What is still unknown
The drug answered the big questions. It still has open ones.
- Whether the HFMSE gain translates to durable functional milestones beyond 12 months in the broader Phase 3 cohort
- How much of the benefit transfers to ambulatory SMA patients, not just nonambulatory
- Whether the mechanism helps adults with sarcopenia, Duchenne, or other muscle-wasting conditions
- Long-term tolerability beyond 4 years of dosing
- Whether a subcutaneous formulation is feasible
The Eli Lilly collaboration on obesity programs that some outlets referenced applies to other Scholar Rock molecules in muscle preservation during GLP-1 weight loss, not to apitegromab specifically. For that angle, see myostatin and GLP-1 muscle loss.
Sources and notes
This article was built from DuckDuckGo and Bing SERP review, full-page competitor reads, and primary sources:
- SAPPHIRE Phase 3 trial, Lancet Neurology 2025
- Apitegromab Wikipedia entry
- Scholar Rock SMA pipeline page
- Cure SMA: FDA accepts BLA for apitegromab
- TOPAZ 36-month follow-up, Frontiers in Neurology 2024
- SMA News Today apitegromab profile
- TOPAZ Phase 2 Neurology 2024
Frequently Asked Questions
Is apitegromab approved by the FDA?
Not yet. The FDA accepted Scholar Rock's resubmitted Biologics License Application with a PDUFA target action date of September 30, 2026. A 2024 Complete Response Letter related to manufacturing has since been addressed.
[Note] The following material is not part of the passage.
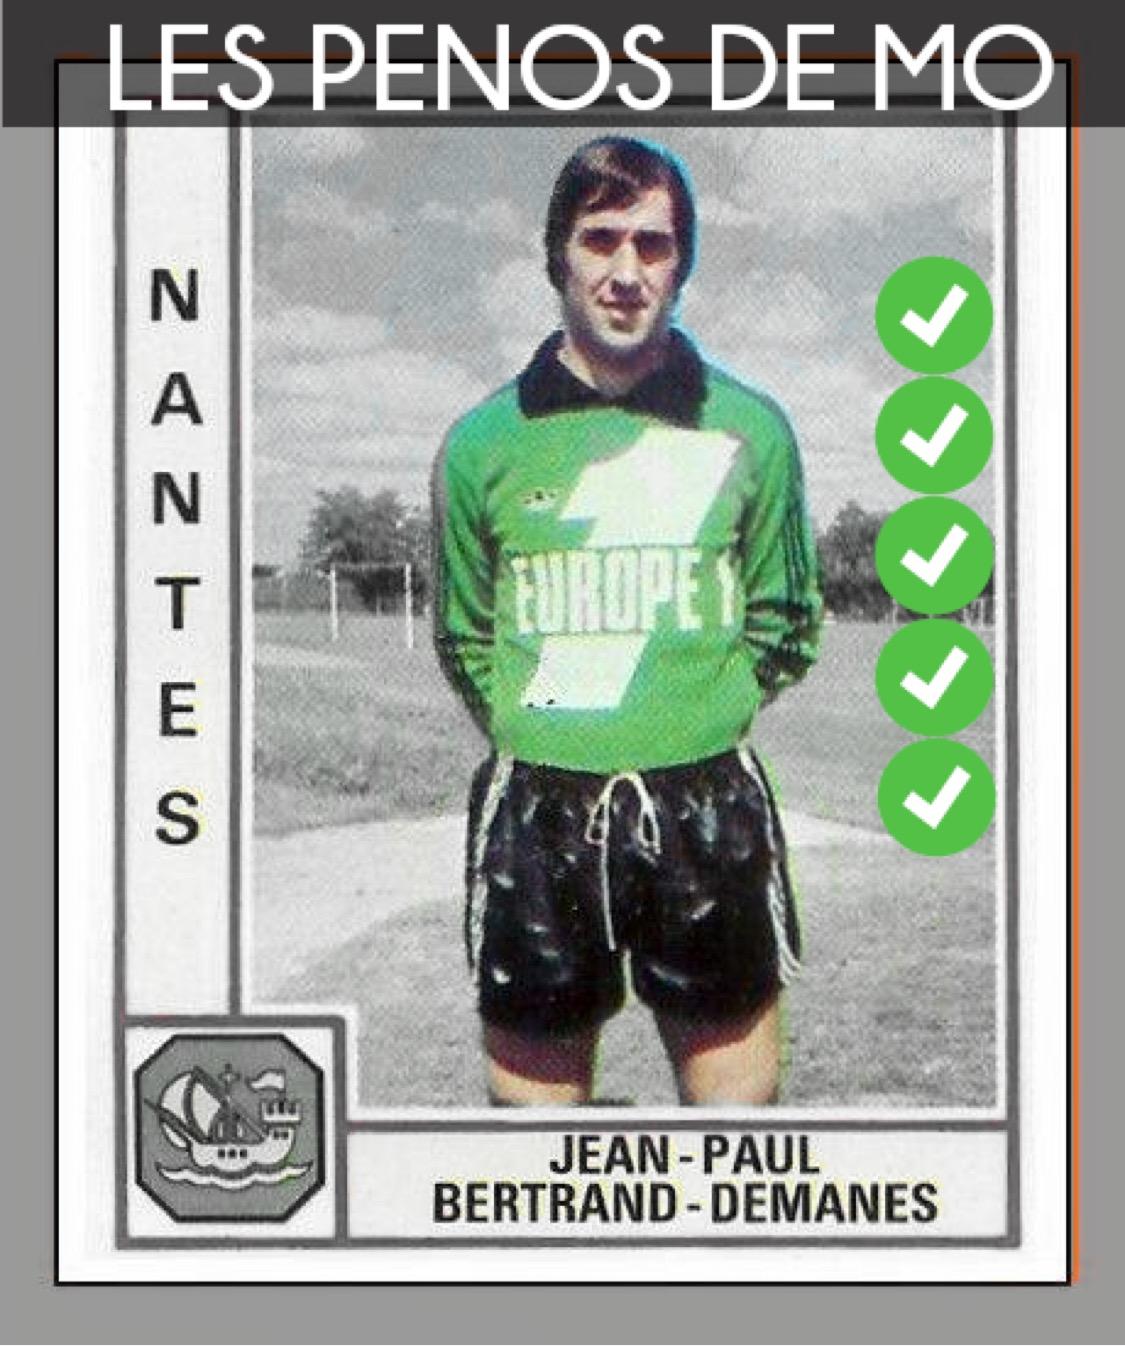 Les Pénos de MO - J'en Paul Bertrand Demanes Gardien de but FC Nantes

How is apitegromab different from older myostatin drugs?
It binds latent myostatin, not the active form or the ActRIIB receptor. That selectivity avoids hitting BMP9 and BMP10, which is the structural reason apitegromab does not cause the epistaxis and telangiectasia that halted ACE-031.
Does apitegromab replace nusinersen or risdiplam?
No. SAPPHIRE required patients to already be on an SMN therapy for months before joining. Apitegromab is an add-on muscle-targeted therapy, not a substitute for the SMN-correcting drugs.
What was the primary endpoint result in SAPPHIRE?
In the 2-to-12 age group, the combined apitegromab arms (10 mg/kg and 20 mg/kg) gained 0.6 HFMSE points while placebo lost 1.2 points, a 1.8-point difference at 12 months with p = 0.019. The 20 mg/kg arm alone did not separate from placebo (p = 0.11).
Can adults with sarcopenia or obesity use apitegromab?
There is no clinical evidence to support that yet. Trials are limited to SMA. For muscle preservation during weight loss, the [myostatin GLP-1 muscle loss](/blog/myostatin-glp-1-muscle-loss) overview covers what is currently being studied.
How is apitegromab administered?
By intravenous infusion every 4 weeks at 10 mg/kg or 20 mg/kg, given in a clinic. There is no approved subcutaneous or oral version.
This article is for educational purposes only and is not medical advice. Apitegromab is an investigational antibody under FDA review and is only available through approved clinical trials. Treatment decisions for spinal muscular atrophy must be made with a qualified neuromuscular specialist who can review the full clinical picture, current SMN therapy, and individual risk factors.